- Associated Press - Monday, February 28, 2011

PHILADELPHIA (AP) - The Philadelphia 76ers were 3-13 and another lost season appeared on the horizon.

Doug Collins could not let a total collapse happen.

He wasn’t hired to let the Sixers plod through another year where the only highlight would be a high lottery pick. He called them together and offered the type of scouting report he might have unleashed if he was still a TNT broadcaster.

Collins delivered a tough-love sermon that might have surprised more than a few Sixers who had grown comfortable in a losing environment.

“When we were 3-13, we could have hung our heads and guys could have went their separate ways. He wouldn’t let us,” forward Elton Brand said. “He called guys out, which might not have happened in the past. He straight-up called them out. He said names. To their faces. In front of the team.”

Look at the Sixers now _ an improbable 30-29 and playing with a belief they can beat any top team in the NBA.

When Collins calls out his players these days, it’s to heap praise on his surging squad that has grown from thinking they can make the playoffs to believing they can win a first-round series.

In a league where superstars and super teams rule, they’ve proved 12 talented players working hard and working together can win.

“I wanted us to be relevant again. We are,” Collins said. “I want us to be more than relevant. I want us to be really good. I wanted people in the NBA talking about us, which they are.”

The Sixers have won a season-high four consecutive games entering Tuesday’s game against Dallas (43-16). In November, a game against the Mavericks would have been considered an automatic loss. Not anymore.

Consider this final against Western Conference-leading San Antonio from Feb. 11: 76ers 77, Spurs 71.

The numbers don’t lie.

The Sixers are 27-16 since Nov. 26, and are tied for the seventh-highest winning percentage (.628) of any team in the league over that span.

Philadelphia is above .500 for the first time since it was 3-2 in 2009-10. The Sixers have won 13 of their past 17 games, including six of the past seven.
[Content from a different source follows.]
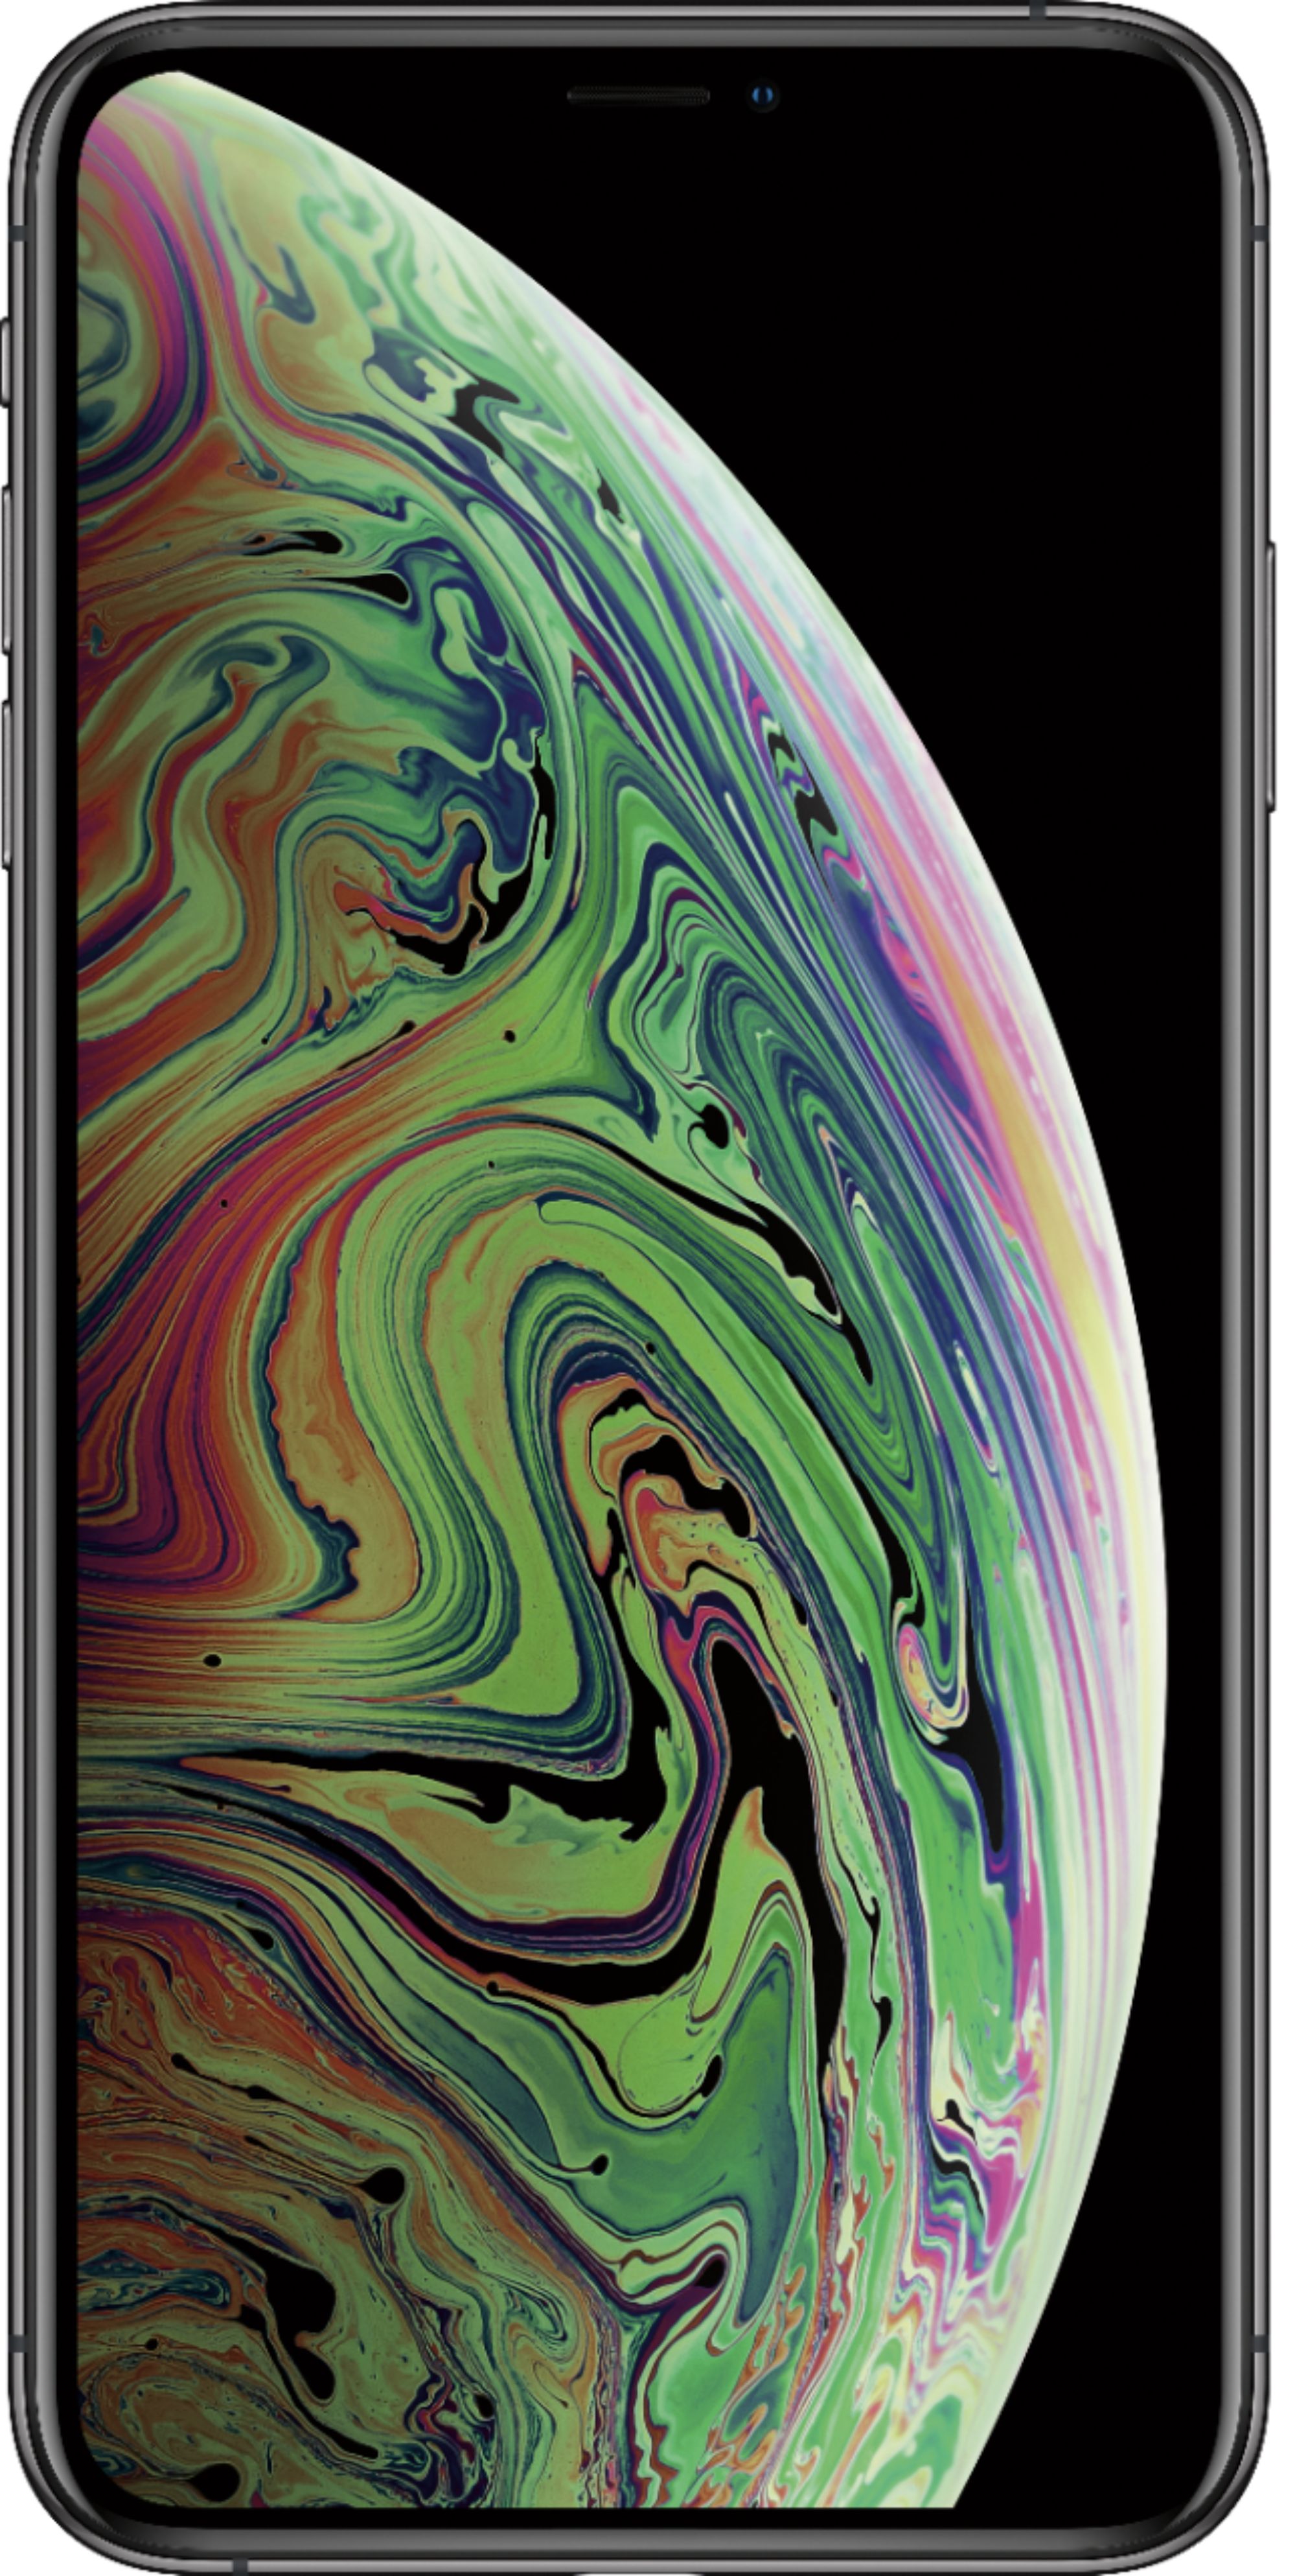 Apple iPhone XS Max 256GB Space Gray (AT&T - Best Buy

“We can’t get caught up in the numbers,” swingman Andre Iguodala said. “We’re playing well right now. We can’t get too happy and relax.”

The Sixers are trying to accomplish a rare feat in a league where the good teams and bad ones have usually shaken out by Thanksgiving.

The last time an NBA team was 10 games or below .500 and finished with a winning record was in the 2004-05 season.

The New Jersey Nets were 16-26 through games of Jan. 27, 2005 and finished 42-40. In that same season, the Chicago Bulls were 5-15 through games of Dec. 15, 2004 and finished the season 47-35, according to STATS LLC.

“We didn’t say, ‘Woe is me, woe is us. We stink. Another dismal year,’” Brand said. “No, we played hard and got better.”

Brand has rediscovered his old double-double form (and his happiness) and sparked the resurgence into seventh place in the Eastern Conference, just a game behind the retooled New York Knicks. He leads the team with averages of 15.3 points and 8.8 rebounds, and is shooting 55 percent from the field since January.

Iguodala has developed into a well-rounded, triple-double threat, and reserves like Thaddeus Young and Lou Williams are winning games late in the fourth quarter.

Jrue Holiday and Evan Turner have erased various dry spells to prove they can be the backcourt of the future, and make deep postseason runs more of a reality.

They beat the teams they’re supposed to beat _ sub.-500 ones like Detroit, Cleveland, Washington, Charlotte _ since January, while knocking off winning teams like the Spurs, Utah, Chicago, and Phoenix. They went 9-3 in February (.750) for their third straight winning month. The winning percentage was Philadelphia’s highest in a single month since February 2003 (8-2, .800).

As much as the numbers sparkle, the Sixers credit Collins for the revival

“If we lose a game, it’s not coach Collins‘ fault,” Young said. “It’s not his fault we were 3-13. It was definitely our fault. He’s prepared, he motivates us. That’s what we love about him, his intensity, his love and his passion for the game.”

Collins has the Sixers wanting more over the remaining seven weeks. He wants them to catch the Knicks (they play once more on April 6) and lock them into a more favorable playoff series, like vs. the Bulls.

The growing crowds have been livelier, and the locker room is a fun place for the players to hang after a game. Maybe they can’t win an NBA title this year, but they have made this season matter.

“I wanted my team to have fun,” Collins said, “and they’re doing that.”